Bullet Train ©2022 Sony Pictures

Prägend für BULLET TRAIN ist in jeder Hinsicht der Einfallsreichtum in der Darstellung von Gewalt. Sei es die Vielzahl verschiedenster Waffen, die Breite der verschiedenen Arten jemanden umzubringen oder der Ideenreichtum in der Setgestaltung – nichts bleibt dem Zufall überlassen und überall beweist Leitch, dass Langeweile nicht sein Stil ist. Laut und aufregend kommt das Werk daher und etabliert nicht selten tarantinoeske Sequenzen. Doch auch andere Film- und Serienreferenzen finden ihren Platz und so dürfte wohl niemandem die Anspielung auf die rote Hochzeit aus GAME OF THRONES entgehen oder gar die schrecklichen Parallelen zu TRAIN TO BUSAN. Zudem zeichnen filmische Überschneidungen sich nicht nur durch die inhaltliche Ähnlichkeit aus, sondern auch durch viele charmante schauspielerische Gastauftritte, die teilweise früheren Rollen der Personen nachempfunden wurden und sich perfekt in die Gesamthandlung eingliedern. Ähnlich wie beim japanischen Pendant von ’75 geben sich Topstars sogar in kleinsten Nebenrollen in die Klinke in die Hand.
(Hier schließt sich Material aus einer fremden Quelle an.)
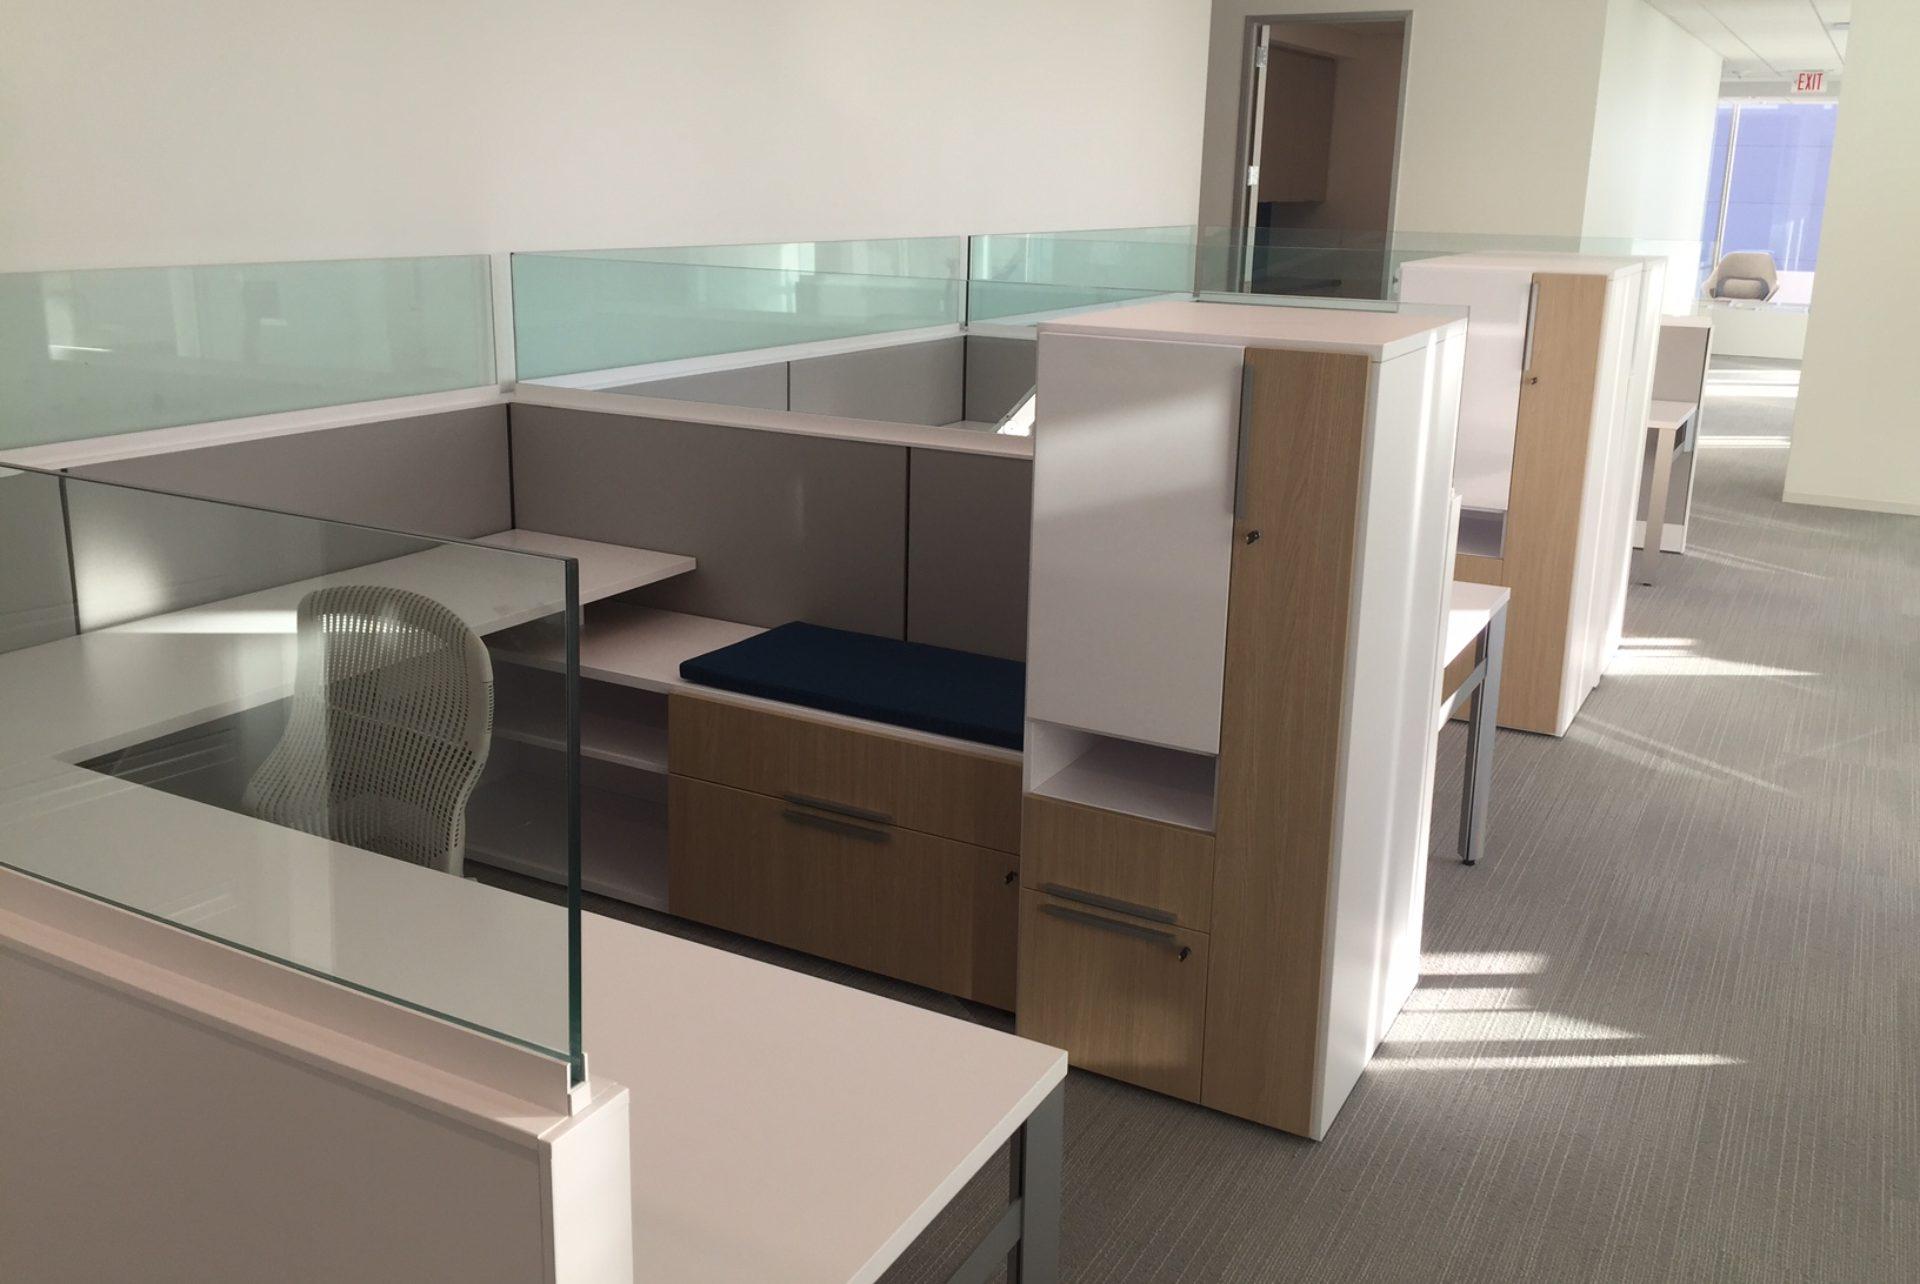 Turn Key Office Installations, LLC

Große Show – ganz nah dran

Unterlegt mit einem fast schon comichaften Score, der sich im Verlauf des Films immer wieder einem breiten Spektrum populärer Songs bedient und damit GUARDIANS OF THE GALAXY Allüren mit sich bringt, liefert uns das Team eine unterhaltsame Show, die in mehr als 120 Minuten kaum Zeit zum Durchatmen bietet. Leitchs Stammkameramann Jonathan Sela ist erneut dafür verantwortlich, die Sequenzen mit beeindruckenden Kamerafahrten und spektakulären Bildern einzufangen. Wie wir es von ihm gewohnt sind, gelingt dies erneut in Perfektion. Selbst schnelle Bewegungen werden präzise erfasst, was auch daran liegt, dass häufig auf Weitwinkelaufnahmen verzichtet wird und die Kamera sich lieber exakt auf die wesentlichen Bewegungen und Ereignisse fokussiert. Zeitgleich leben die Aufnahmen von einer hervorragenden Gestaltung des Hochgeschwindigkeitszuges, der ein buntes und nuanciertes Farbenspektrum vorweist und damit ein wenig an GUNPOWDER MILKSHAKE erinnert.

Bullet Train

Bullet Train ©2022 Sony Pictures

Ähnlich wie wir es aus DEADPOOL kennen, lebt BULLET TRAIN von einer Vielzahl ironischer Dialoge, die einzig und allein der seichten Unterhaltung dienen. Verkorkste Metaphern, leere Phrasen und asiatische Weisheiten dienen als Spielball, um dem Publikum klar zu signalisieren, dass absolut nichts in diesem Werk ernst genommen werden kann. Das erklärt auch, warum totgeglaubte Figuren immer wieder zurückkehren und Leitch sich einen Spaß daraus macht, die Zuschauenden an der Nase herumzuführen.

Fazit

Die Zeit des seichten Actiongeballers ist längst vorbei und so reiht sich auch Leichts neuster Geniestreich in die Reihe der roughen und schwer verdaulichen Genrefilme ein, die keinerlei Anstalten machen, mehr zu sein als sie sind: Pure Gewalt kombiniert mit seichtem Humor, großen Stars und einem ungewöhnlichen Setting. Unterhaltungskunst pur, die allerdings in der Menge der unzähligen Sequenzen etwas überladen und dadurch fast schon wieder eintönig wirkt. Zwar ist der Kreativität keine Grenze gesetzt, sodass Leitch sein ganzes Spektrum an Stunt-Know-how auspacken kann, doch scheint er dabei manchmal zu vergessen, dass Kämpfe allein keinen guten Film auszeichnen. Dennoch ist BULLET TRAIN ein wirklich gelungenes Spektakel, welches eine gute Zeit bietet und angesichts der fabelhaften Aufnahmen unbedingt im Kino konsumiert werden sollte.